The logistic regression results are presented as estimated probabilities and confidence intervals (CIs) at representative values. The estimated probability of detecting PRRSV in air emissions increased from 3% (95% CI: 0.5‒21%) to 32% (95% CI: 17‒53%) when 50% and 100% of oral fluids tested RT-PCR positive, respectively (Figure 3a). The estimated probability of detecting PRRSV in air emissions decreased as the mean Ct values in oral fluids increased, from 26% (95% CI: 14‒43%) with a mean Ct of 30 to 7% (95% CI: 2‒17%) with a mean Ct of 35 (Figure 3b).

DISCUSSION

Air emission samples obtained from the exhausted air of grow-finish barns were detected to be RT-PCR-positive for PRRSV at the same time as oral fluid samples collected inside also tested positive for the first time, following disease development in the studied pig population. The detection of PRRSV in air emission samples was repeatable in all three barns sampled in this investigation. The results of this study highlight the potential use of air emissions as an alternative means to detect the onset of PRRSV infections. While oral fluid sampling is   convenient to monitor and surveil growing pigs, an alternative method that allows for more frequent sample collection in less time, and without requiring personnel to enter the barn, was explored. Air emission sampling, as performed in this investigation, offered a biosecure, low-cost and highly feasible option for the initial detection of PRRSV in a pig population.

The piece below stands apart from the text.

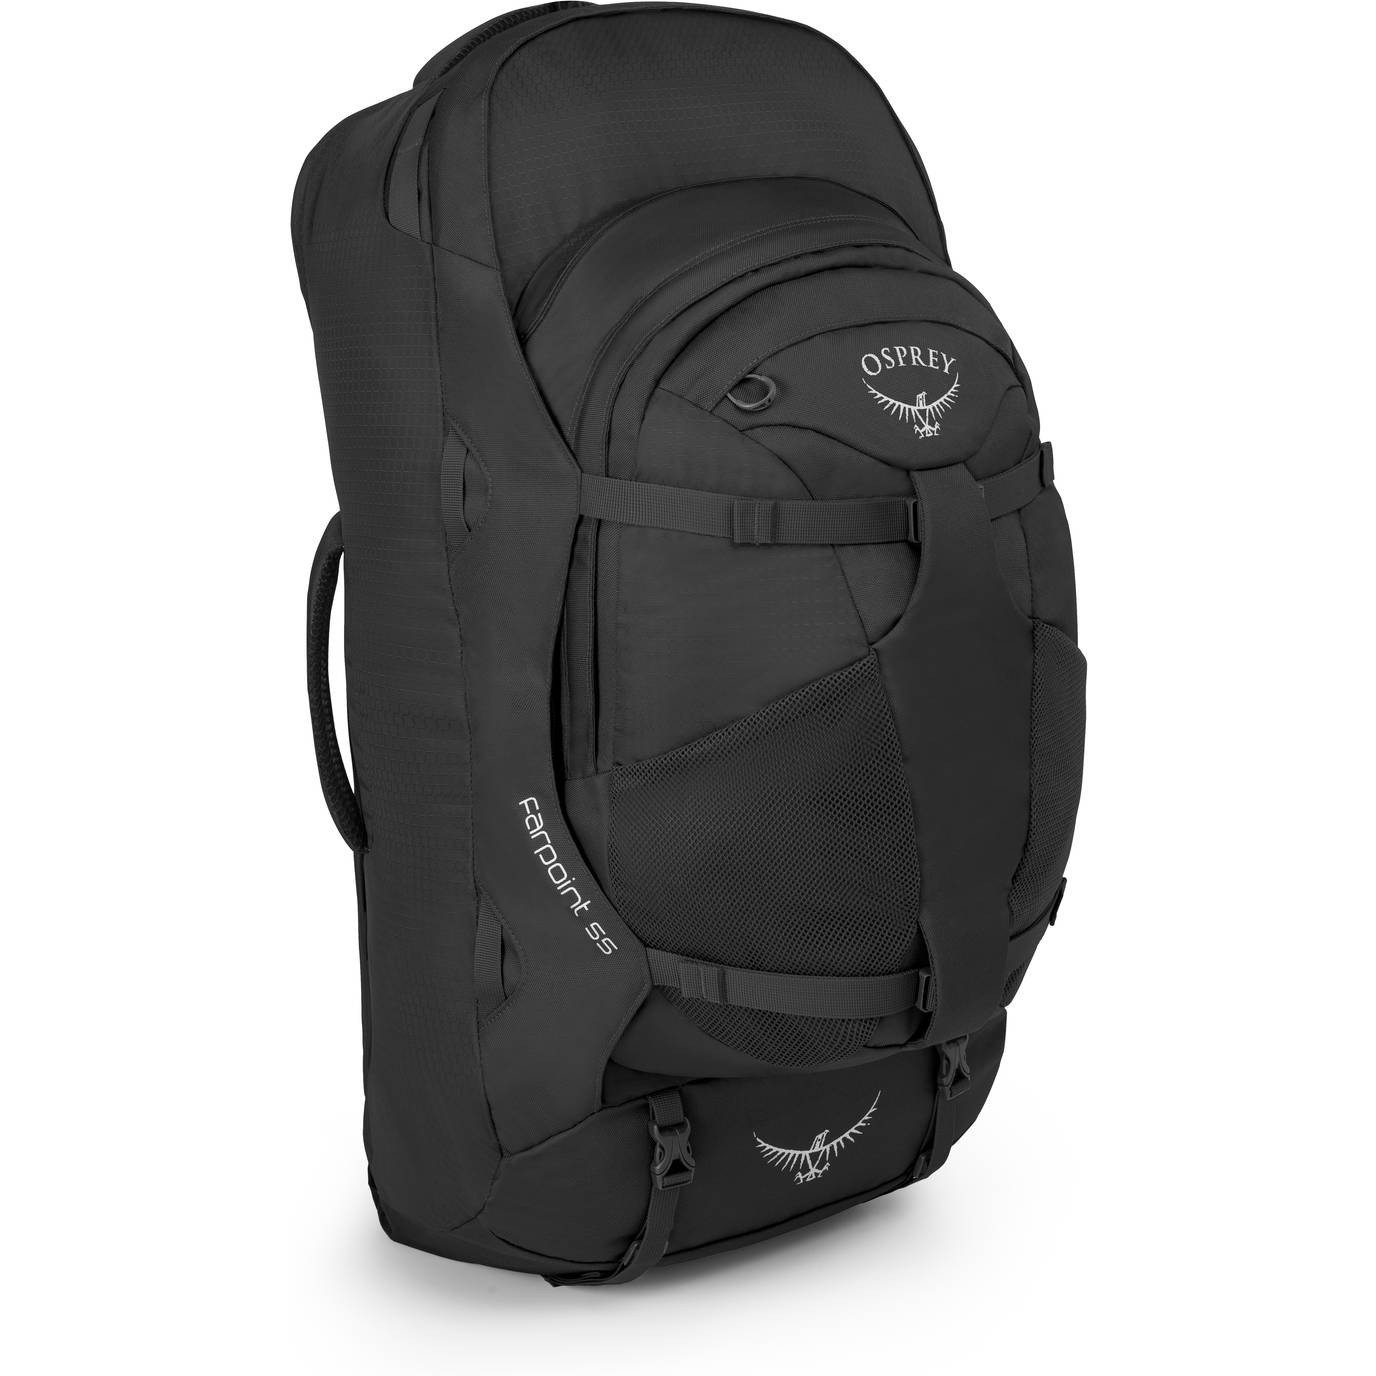 Osprey Packs Farpoint 55 Travel Backpack, Volcanic Grey, Small/Medium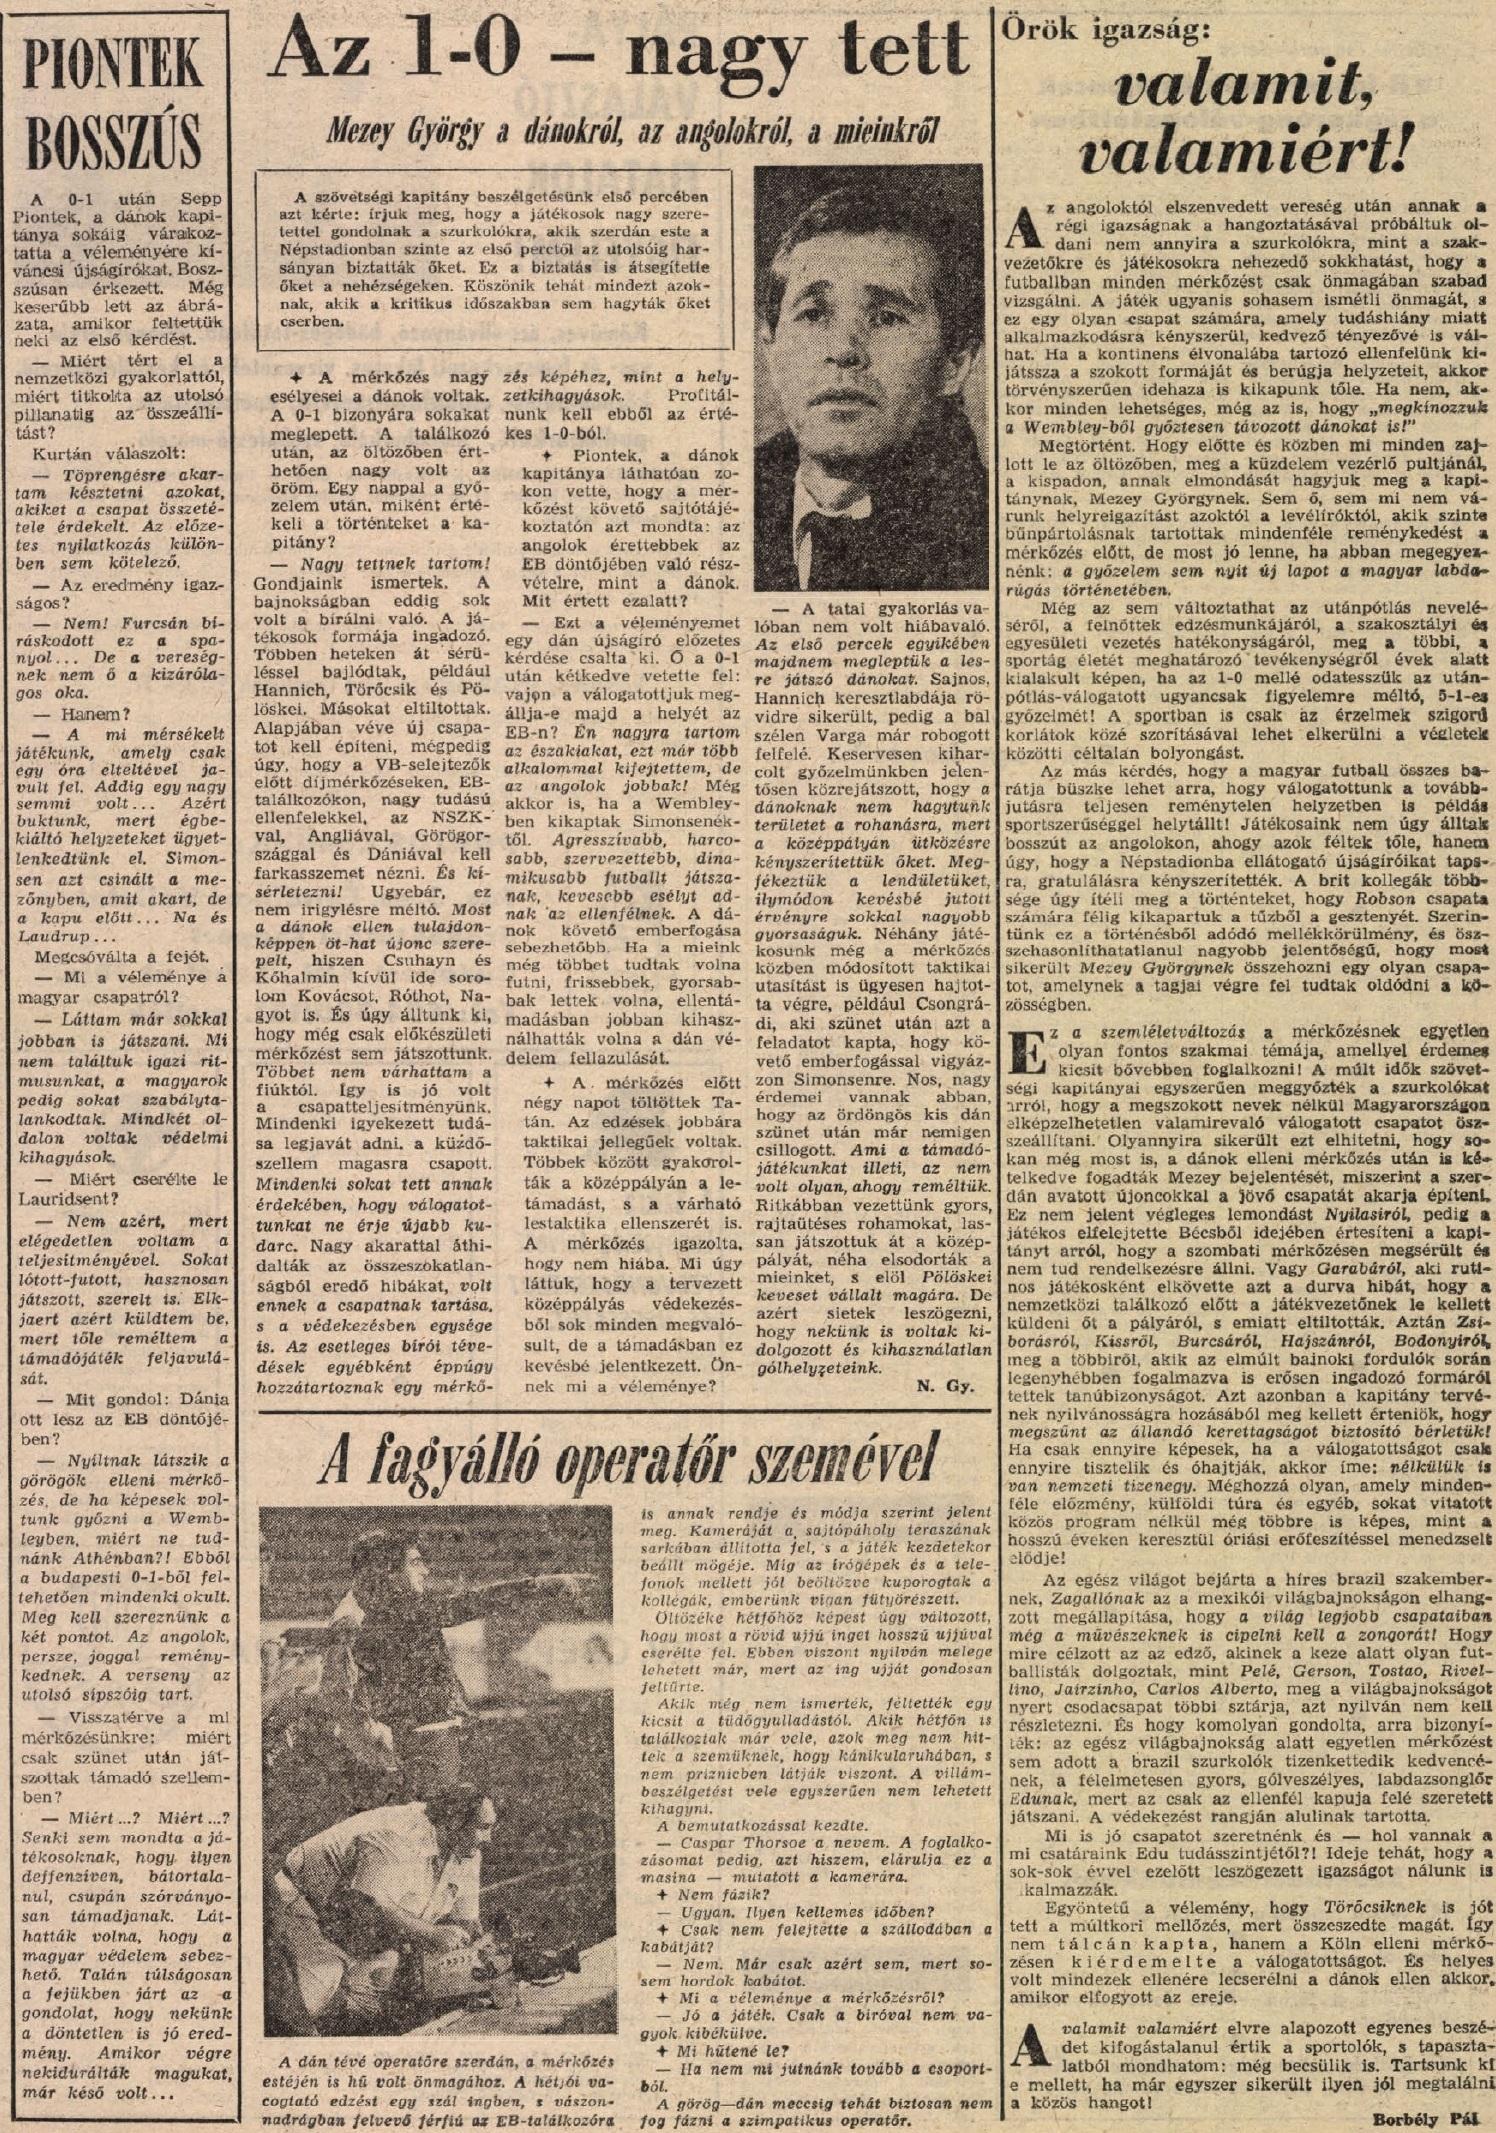 idokapszula_nb_i_1983_84_magyarorszag_dania_eb-selejtezo_merkozes_2.jpg

It is important to note that although PRRSV was detected in both oral fluid and air emission samples at the same collection event, the ability to detect PRRSV in air emissions by RT-PCR decreased at subsequent collection events. The detection of PRRSV in air emissions appeared to be a function of the Ct value of oral fluids, which reflects the relative concentration of virus in the population. While not part of this study, subsequent sequencing of the PRRSV identified the variant L.1.C at two of the sites. The detection of aerosolised virus in air emissions could be a function of the specific PRRSV type and variant present. The experimental design of this study limited air emission collection to a subset of the rooms at each site and to a time of approximately 2 hours per collection event. Furthermore, determination of the exact onset of PRRSV infection at the pen level was limited by the constraint of collections occurring every 2 weeks, which is a common frequency used for monitoring and surveillance of growing pig populations in North America. Additional work is warranted to explore the feasibility of using air emission samples to detect PRRSV using alternative collection times and locations.

Under the conditions of this study, air emission samples were equally as sensitive as oral fluids for the initial detection of PRRSV in recently infected pigs. These findings may inform the design of PRRSV monitoring and surveillance protocols to accurately determine the onset of infection while maintaining high biosecurity measures. Additionally, given that a large proportion of growing pig populations eventually become PRRSV positive, such sites may contribute significantly to the regional viral burden, in turn increasing the risk of introducing PRRSV into nearby breeding herds and perpetuating the infection cycle. These findings may provide guidance and justification for sound biocontainment strategies if regional PRRSV control programmes are to be successful.

AUTHOR CONTRIBUTIONS

Mark Schwartz conceptualised the study. Mark Schwartz, Montserrat Torremorell and Maria Pieters secured funding. Mark Schwartz and Casondra Snow recruited study sites and collected and processed samples. Mark Schwartz and Aaron Rendahl performed data visualisation and analysis. Mark Schwartz drafted the manuscript with critical review and editing by Montserrat Torremorell, Aaron Rendahl and Maria Pieters. All the authors read, revised and approved the final manuscript.

CONFLICT OF INTEREST STATEMENT

The authors declare no conflict of interest regarding the publication of this paper.

ETHICS STATEMENT

The study was approved by, and the procedures were conducted in accordance with, the University of Minnesota Institutional Animal Care and Use Committee (IACUC protocol number 2206-40112A).

DATA AVAILABILITY STATEMENT

All the data generated or analysed during this study are available from the corresponding author upon request.